Currently, only a limited number of ML models and approaches have been proposed for use in supercapacitor capacitance prediction. Researchers should continue exploring the accuracy of other ML approaches and various optimization strategies to improve model parameterization. Given the large number of features that influence capacitance, active learning models such as BO could prove to be useful for researchers in this area. Currently, few studies have applied this active learning design process to supercapacitor experiments. Making use of GPR uncertainty quantification and optimization algorithms like BO in an active learning approach would thus be highly impactful in supercapacitor materials research.

Capacitance prediction of supercapacitors through ML models has achieved excellent accuracy and provided insights into how various features impact performance. As demonstrated through the collected studies in Table 6, SSA has widely been one of the most important features for predicting specific capacitance. This is due to the role that electrode porosity has in promoting ion diffusion. However, electrochemical kinetics based on pore size distribution is not straightforward. Different pore sizes affect performance in various ways, thus making optimization of pore sizes and the necessary processing parameters to synthesize a specific pore size a critical issue.¹⁶⁵ Further research should consider RT models for modeling capacitance as a function of surface area and pore features. The advantage of RT, like M5P, is its ability to generate equations that relate features to the target property, making for easy interpretation and target optimization.¹⁵⁹ Besides surface area, operational conditions, electrolyte type, and chemical features are highly important for predicting capacitance. This can be attributed to the influence that the electrolyte system has on ionic conductivity and operating voltage window, and thus capacitance.¹³⁵

Table 6 Previous ML studies on carbon-based supercapacitor capacitance prediction and their best test set performance^a

Model	Features	RMSE (R²)	Ref.
a The listed features are in descending relative importance.
RT	Specific surface area, pore volume, pore size, voltage window, I_D/I_G, N-doping%, O-doping%	67.62 (0.76)	154
ANN	Specific surface area, B-doping%, electrolyte concentration, pore size, voltage window	0.0089 (0.93)	155
XGBoost	Micropore surface area percentage, specific surface area, pore size, mesopore surface area, mesopore volume percentage	25.50 (0.80)	156
SVM (grey wolf optimization)	Specific surface area, N-doping%, pore size, voltage window, I_D/I_G	39.22 (0.90)	157
ANN	Electrolyte type, electrolyte concentration, S/N co-doping%, S-doping%, N-doping%	0.385 (0.96)	160
ANN	Current density, micropore volume, micropore surface area, oxidized N-group%, pyrolytic-N group%, carboxyl-O group%, micropore volume/total pore volume, nitrogen/oxygen%, potential window, micropore surface area/specific surface area, hydroxyl-O group%, total pore volume, graphitic-N group, nitrogen%, pyridinic-N group%	10.81 (0.97)	164

4.2 Other properties

Few studies have focused on training ML models for predicting supercapacitor properties other than capacitance values. The studies collected in Table 7 highlight the results of attempts by researchers to model power density, energy density, retention, and cyclic voltammetry of supercapacitors. Even with limited data for model training, researchers Ren et al. were able to demonstrate a method based on a GPR model supplemented with an implicit function.¹⁶⁶ An example of the GPR-implicit function approach is shown in Fig. 17b, where only 1% of the data was used in training, with a forecasting error of <2%. Many of the studies in Table 7 utilize ANN, which has notably achieved high accuracy among a range of supercapacitor applications.

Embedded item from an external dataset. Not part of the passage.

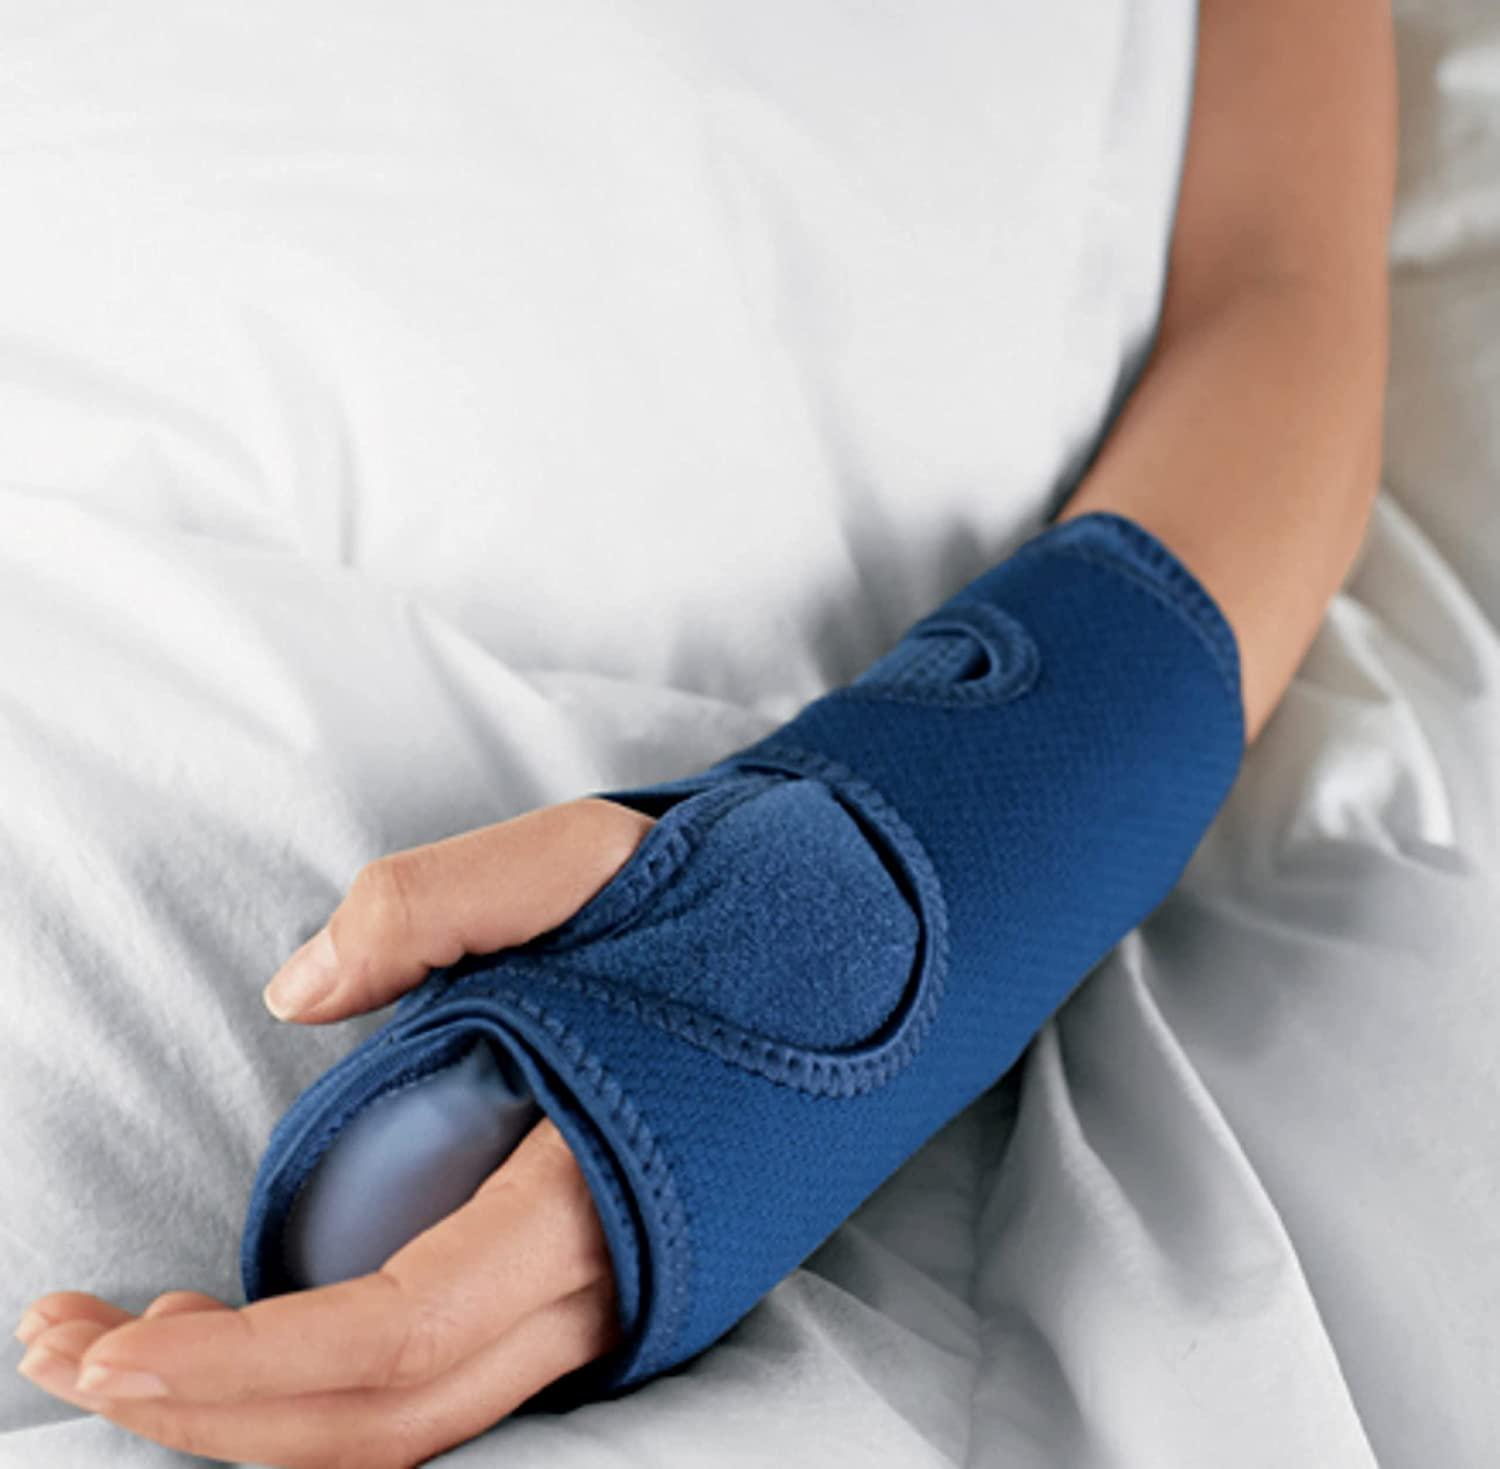 ACE Night Wrist Sleep Support, Adjustable, Blue, Helps Provide Relief from  Symptoms of Carpal Tunnel Syndrome, and other Wrist Injuries Night Wrist  Support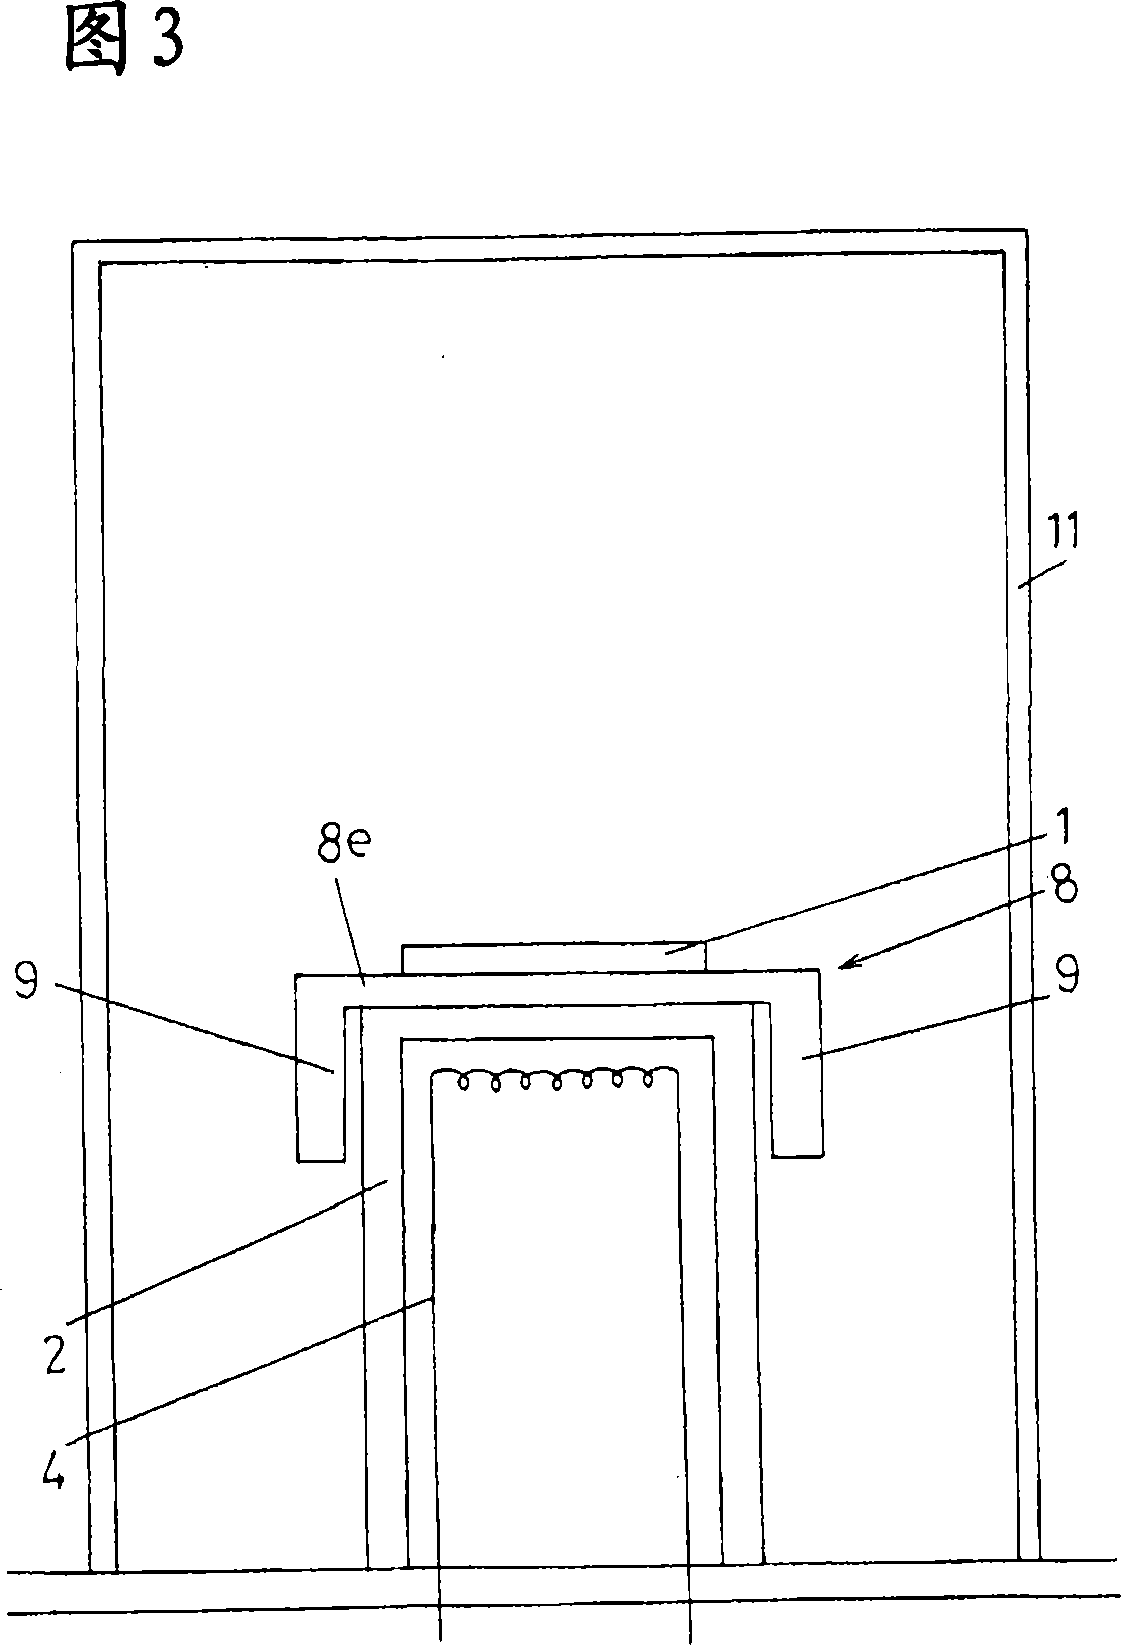 Substrate supporting/transferring tray

Table 7 Performance of various ML models applied to predict supercapacitor behavior

Model	Application	Features	Performance	Ref.
ANN	Specific capacitance, power density, and energy density	Mesopore surface area, micropore surface area, scan rate	R ² = 0.956 (capacitance), 0.964 (power density), 0.921 (energy density)	167
RF	Specific capacitance and retention (classification)	Current collector, compositing, material, potential window, morphology, oxide/nitride, specific surface area, current density	R ² = 0.593 (capacitance), RMSE = 0.44 (retention)	67
ANN	Specific capacitance and retention	Cycle number, lignin weight%, transition metal oxide weight%, binder weight%	R ² = 0.859 (capacitance), MAPE = 6.37% (retention)	23
GPR	Retention	Cycle number	RMSE = 0.0056F	166
ANN	Cyclic voltammetry	Potential, oxidation/reduction, doping concentration	R ² = 0.95	168

Current studies still lack an understanding of how supercapacitor materials, pore size distribution, SSA, surface chemistries, morphologies, potential window, electrolyte, and operating conditions together influence energy storage. By taking into account these features combined, a more generalizable model that could provide more practical use in screening materials could be achievable. Given that these studies rely on data collected from literature, this would require researchers to provide all of these details. For now, recent training and optimization of ML models have demonstrated compelling evidence of high accuracy, but are limited to specific datasets containing few features.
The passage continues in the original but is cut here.